The goal is to introduce the basic concepts and analytical tools that may become the student’s later professional profile. The predominantly contemporary curriculum mirrors the ambition of enabling the student to identify problems, conflicts, challenges and potentials within organizations of various kinds. This happens as the organization construes its images of itself in a culturally predicated context and delimits itself from its environment.
It is also and at the same time the intention of the course to enable the student to give a philosophical answer to the question which practices and social activities such problematic self-images and delimitations give rise to, and how these may be transgressed.

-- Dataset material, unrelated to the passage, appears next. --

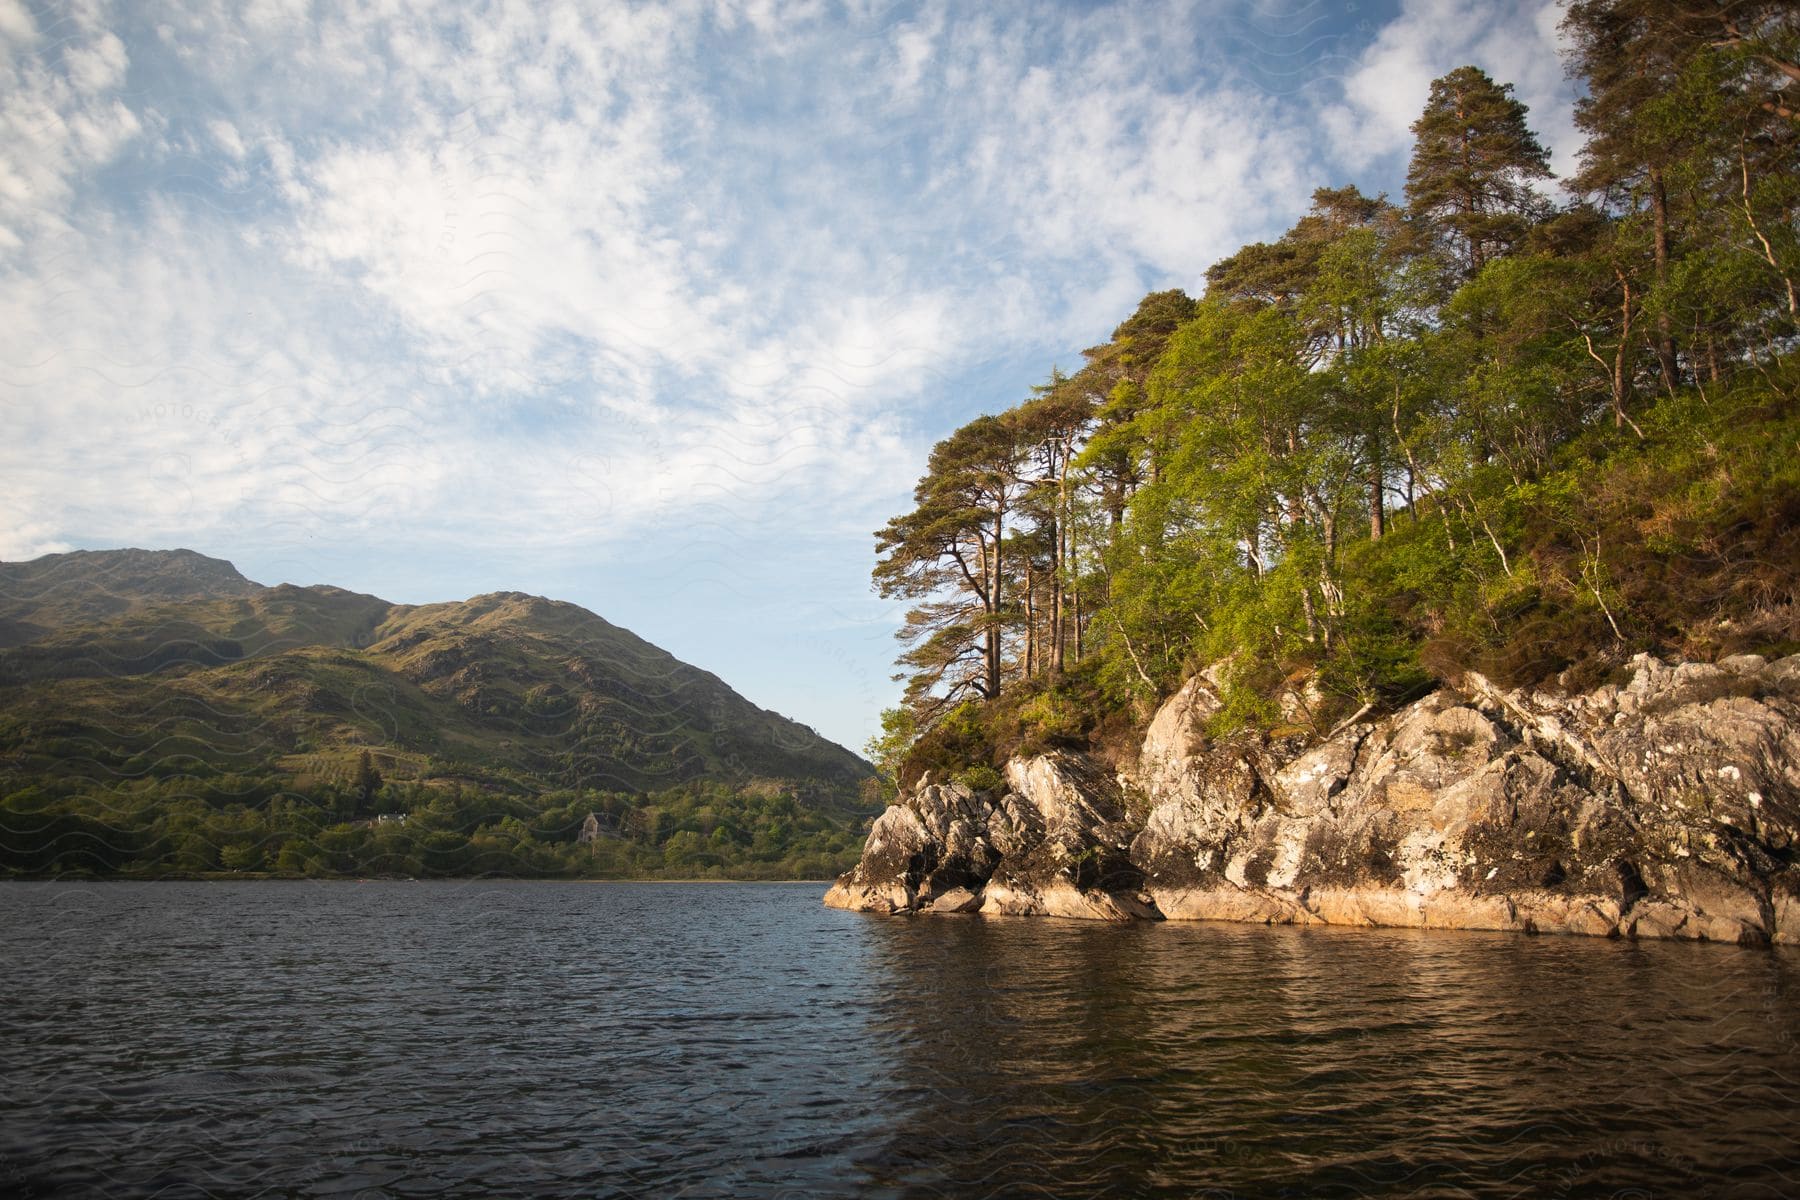 A majestic crag with trees overlooks a serene lake creating a breathtaking landscape

The course is constructed so that it first introduces to the specific methods and concepts of organizational philosophy, and later offers cases, through which these methods are applied.
Aim of the course:
The course will give an introduction to organizational philosophy and demonstrate how philosophy provides fundamentally new and different ways of conceptualizing and analyzing organizations and organizational phenomena. The course will consist of lectures and cases, but the active participation of the students is a prerequisite for its success.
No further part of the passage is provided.